Diese Einstellung ist von Anbeginn des fürchterlichen Angriffskrieges in der Ukraine die gleiche: Auf unseren Bühnen wird niemand auftreten, der sich proaktiv und positiv zu diesem Krieg beziehungsweise Putin positioniert. Wir haben aber ebenso betont, dass man von Künstlern, die sich nie positiv gegenüber dem Angriffskrieg und dem Regime gezeigt haben, nicht verlangen könne, sich zum Krieg zu äussern. Denn wenn sie das tun, können sie in Russland mit bis zu 15 Jahren Gefängnis bestraft werden. Daher muss man hier mit einer westlichen Erwartungshaltung sehr vorsichtig sein.
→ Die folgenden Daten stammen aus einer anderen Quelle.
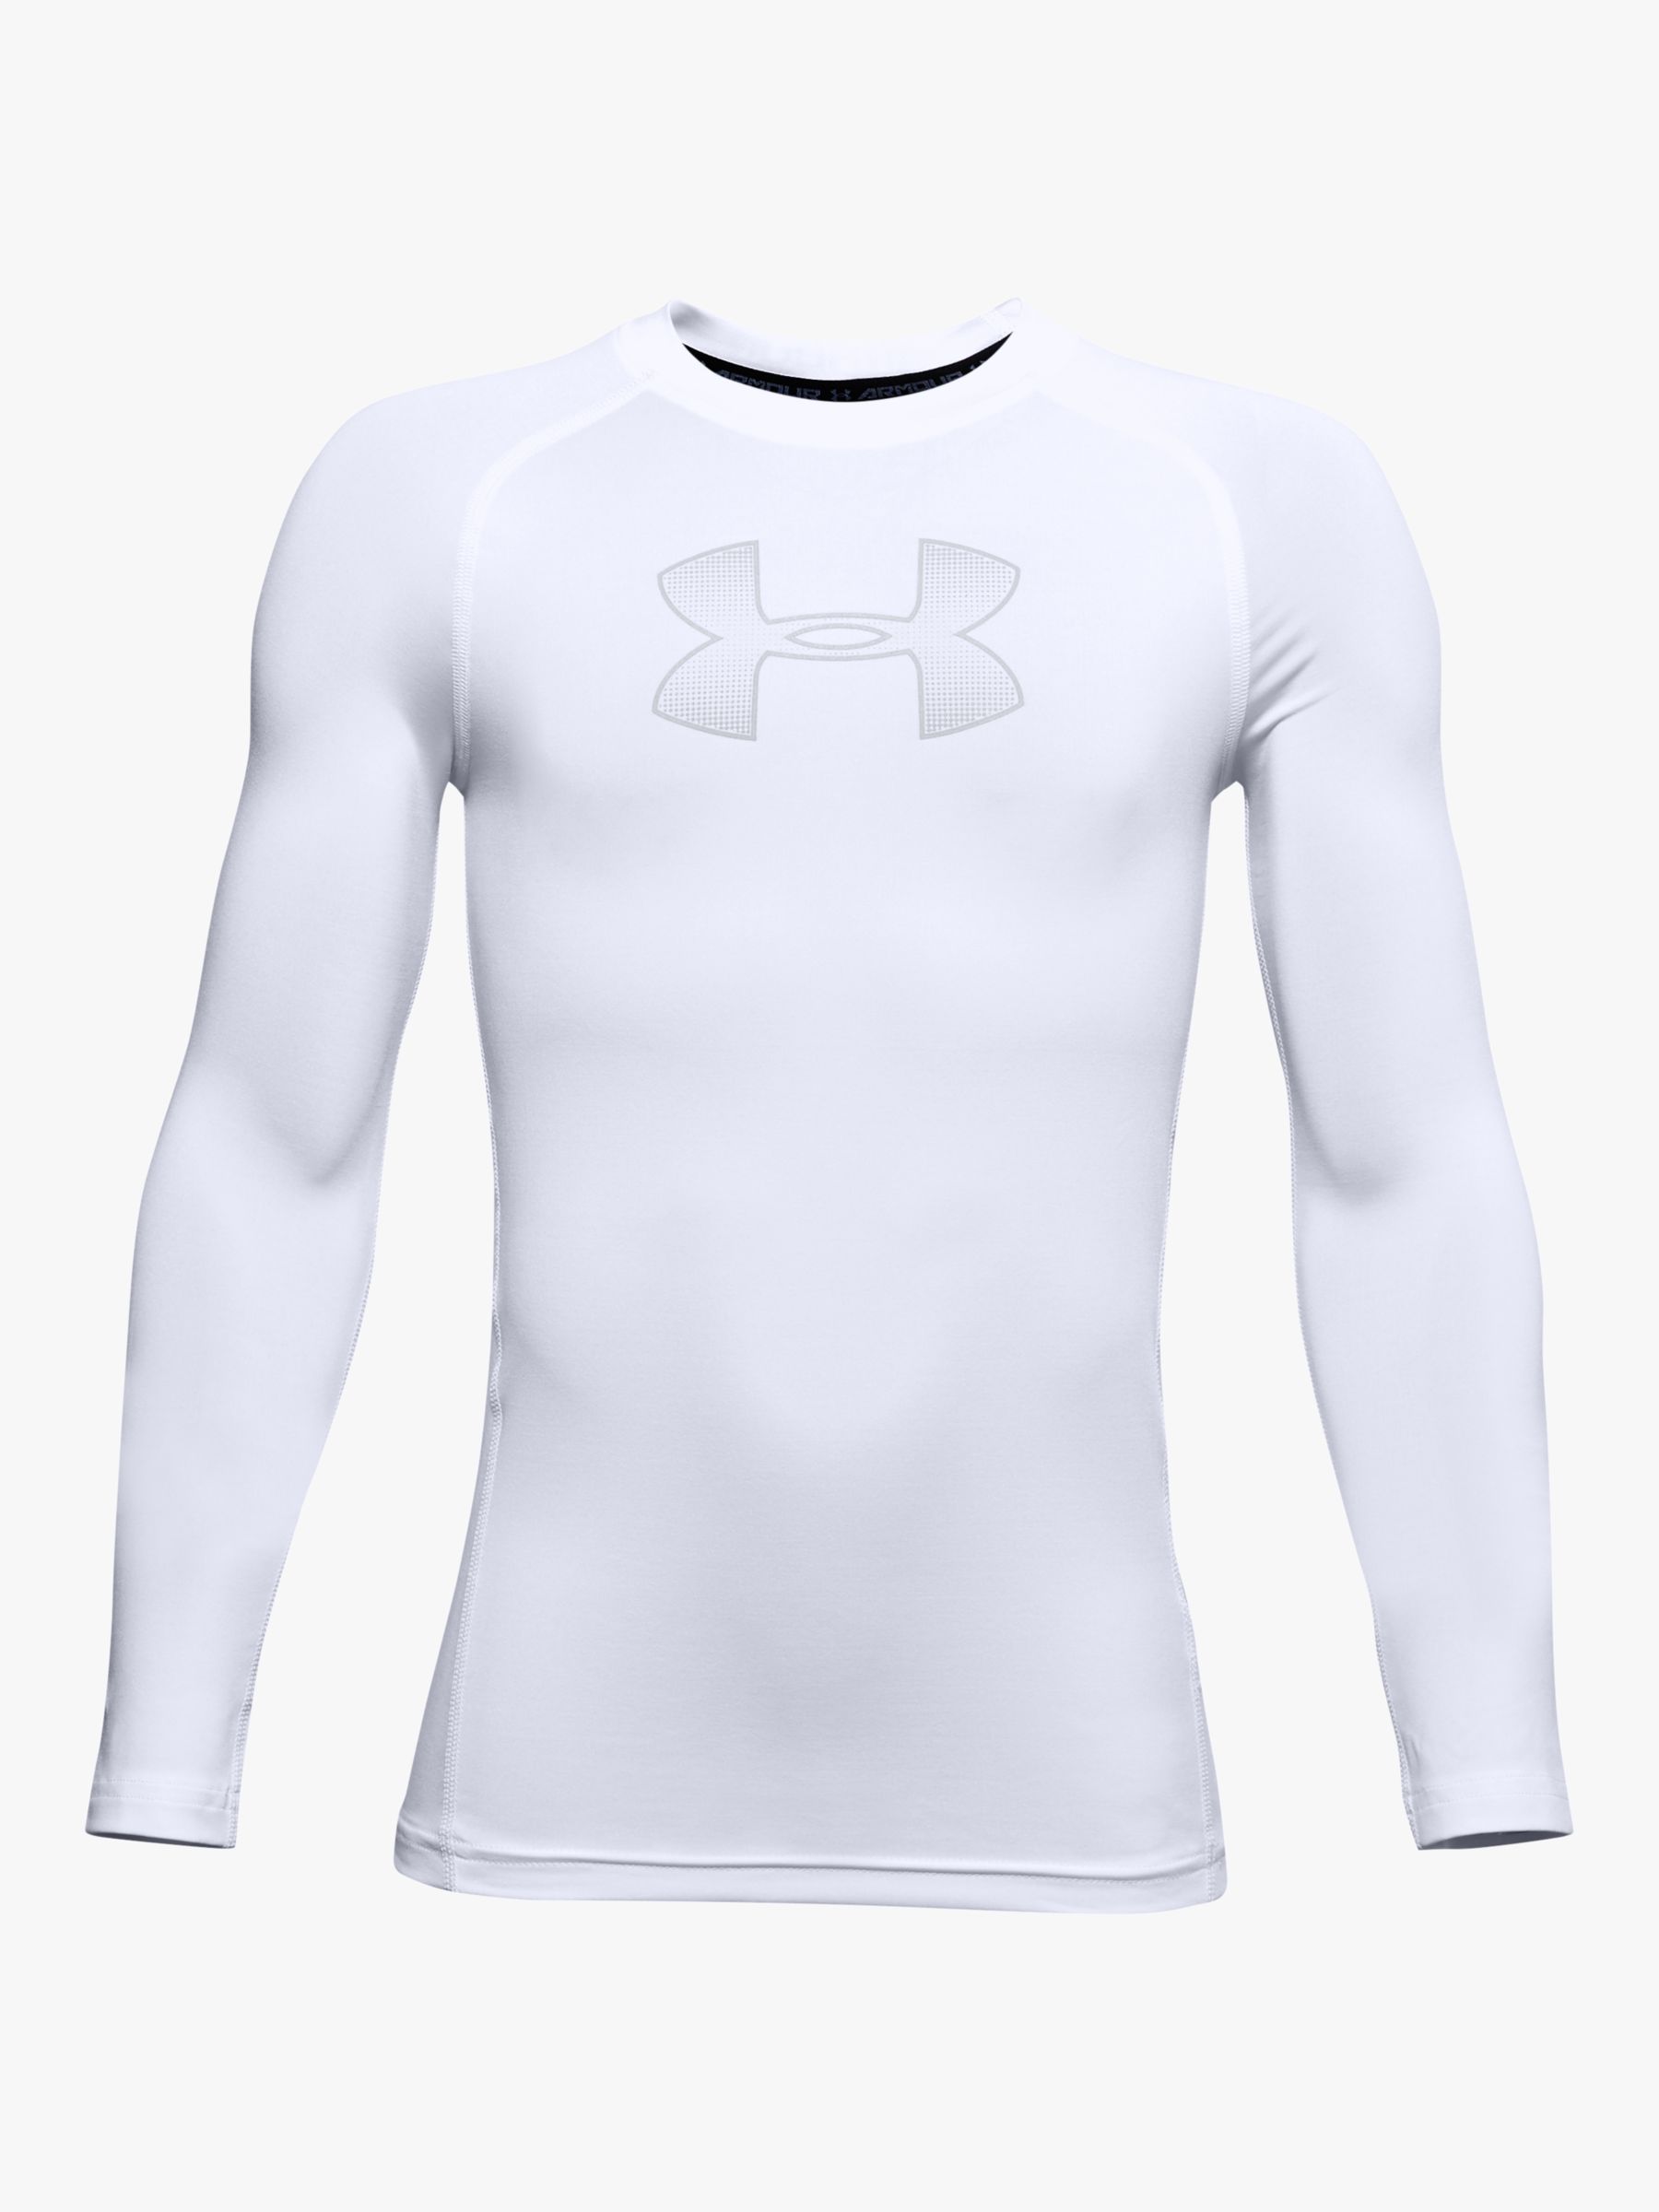 Image of Under Armour Boys HeatGear Long Sleeve Compression Top White

Und manchmal geht es nicht nur um die eigene Person; der gebürtige Grieche Teodor Currentzis trägt Verantwortung für seine Musiker und seinen Chor. In einem kürzlich erschienenen Fernsehinterview betont er: ‚Ich bin Grieche. Und Griechenland hat ein wichtiges Wort hervorgebracht: Demokratia – Demokratie. Dieses Wort bedeutet mir viel. Es bedeutet, dass jeder Mensch über sich selbst entscheiden kann‘.»
Teodor Currentzis hat seit der Premiere ohne jeglichen Protest, dafür mit Erfolg und unter grossem Applaus die düstere Geschichte von Béla Bartóks «Herzog Blaubarts Burg» und Carl Orffs «De temporum fine comoedia», dem «Spiel vom Ende der Zeiten», auf der grossen Bühne der Felsenreitschule dirigiert und Schostakowitschs Sinfonie Nr.13 zu Beginn der Festspiele.
Drei visionäre Gründerpersönlichkeiten
Dann wirft Kristina Hammer in diesem Zusammenhang noch einen Blick zurück auf die Ursprünge der Salzburger Festspiele vor 100 Jahren: «Die Festspiele sind von drei visionären Männern gegründet worden. Das waren Hugo von Hofmannsthal, Max Reinhardt und Richard Strauss. Ein Schriftsteller, ein Schauspieler und Regisseur, ein Komponist. Diese drei Männer haben bereits während und nach den fürchterlichen Ereignissen des Ersten Weltkrieges und übrigens auch nach einer Pandemie, der Spanischen Grippe, Festspiele in Salzburg gegründet, mit dem Gedanken, Nationen zusammenzuführen. Dieser Friedensgedanke und auch der Gedanke von Humanität und Offenheit ist bis heute unser Auftrag.»
Vom Festspielhaus hört man wieder die Glocke klingeln. Das Nachmittagskonzert beginnt. Jonas Kaufmann singt u. a. Lieder von Richard Strauss. «Merci vielmal …», sagt Kristina Hammer ganz schweizerisch zum Abschied und macht sich auf den Weg zu ihrem Platz im Grossen Festspielhaus.